Lieutenant-General Jorge Próspero de Verboom, 1st Marquess of Verboom (born George Prosper Verboom; 9 January 1665 – 19 January 1744) was a Spanish Army officer who served as the Captain General of Catalonia from 1737 to 1738. A prominent military engineer in the Spanish army, Philip V of Spain granted him the aristocratic title of "Marquess of Verboom" on 9 January 1727.

==Early life==

George Prosper Verboom was born on 9 January 1665 in Brussels, Spanish Netherlands. His father was Cornelius Verboom, a Flemish military engineer in Spanish service who was in charge of the fortification of Free City of Besançon and of Dole, Jura in France.

== Education ==

Verboom obtained a theoretical and practical military education by joining the first modern Royal Military and Mathematics Academy of Brussels (opened in 1675) under the mentorship of Sebastián Fernández de Medrano, sole-director of the Royal Military and Mathematics Academy of Brussels. He completed his training as an engineer at the Royal Academy of Brussels and, after Medrano became blind, he helped his mentor in his teaching and writing, even illustrating some of Medrano's academic books.

== Career ==

During the Nine Years' War, Verboom was instrumental in the 1691 campaign by William III of England against the French siege of Mons. In 1695, he directed the siege of Namur with Dutch States Army engineer Menno van Coehoorn. He was promoted to field marshal of the Spanish cavalry and, two years later, commanded the Lorraine Regiment of Cavalry.

In the Spanish War of Succession, Verboom was in command of Antwerp's defenses in 1702. He also took part in the siege of Hulst along with Captain General Isidro de la Cueva-Benavides. In 1706, a Franco-Spanish army under the command of François de Neufville, 2nd Duke of Villeroy was defeated by Grand Alliance troops led by John Churchill, 1st Duke of Marlborough at the Battle of Ramillies. Troops from Antwerp were used to put pressure on the Grand Alliance forces at the siege of Termonde. In 1709, Verboom was instructed to report on the state of castles and garrisons along the Spain–Portugal border.

He was promoted to lieutenant general on 18 December 1709, and a few days later engineer general of the Royal Armies:

"...of all Armies, towns and fortifications in all my kingdoms, towns or states, wherever they might be located."

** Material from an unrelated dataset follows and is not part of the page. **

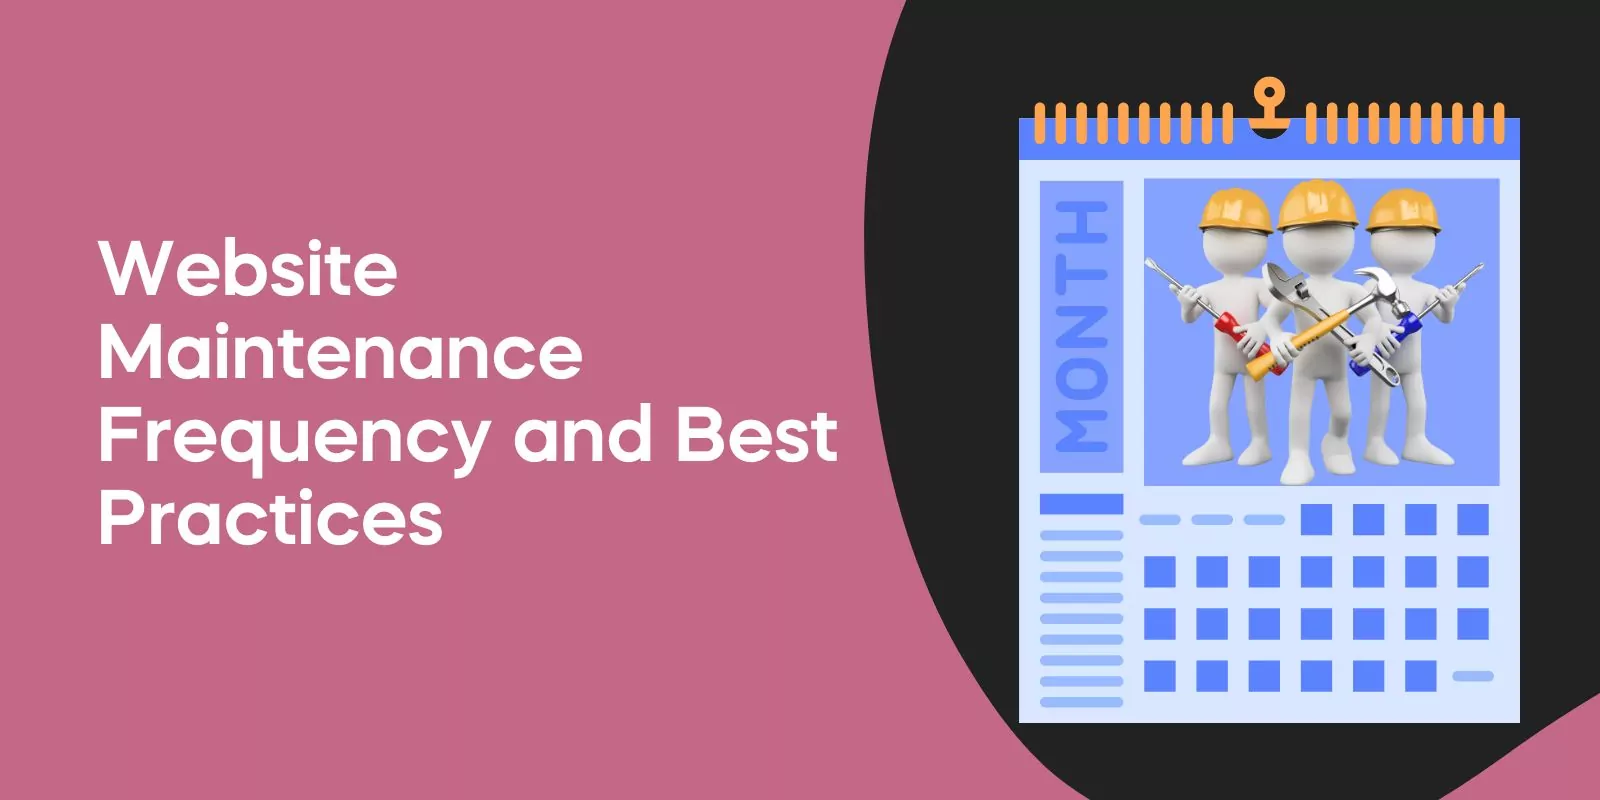 Website Maintenance Frequency and Best Practices

He participated in the Battle of Almenar of 1710 against Count Guido Starhemberg, where he was captured. He was imprisoned until 1712. He took a very active part in the conquest of Barcelona and—after its capture—moved there in 1718, where he would supervise work on the Ciudadela of Barcelona and take part in planning the War of the Quadruple Alliance – to recover Sardinia and Sicily. He took on the role of acting Captain General of Catalonia between 1737 and 1738.

== Death ==

Verboom died on 17 January 1744, in Barcelona, Spain at the age of 79. The Most Excellent Marquess was buried at the Real Convento de Santa Catalina.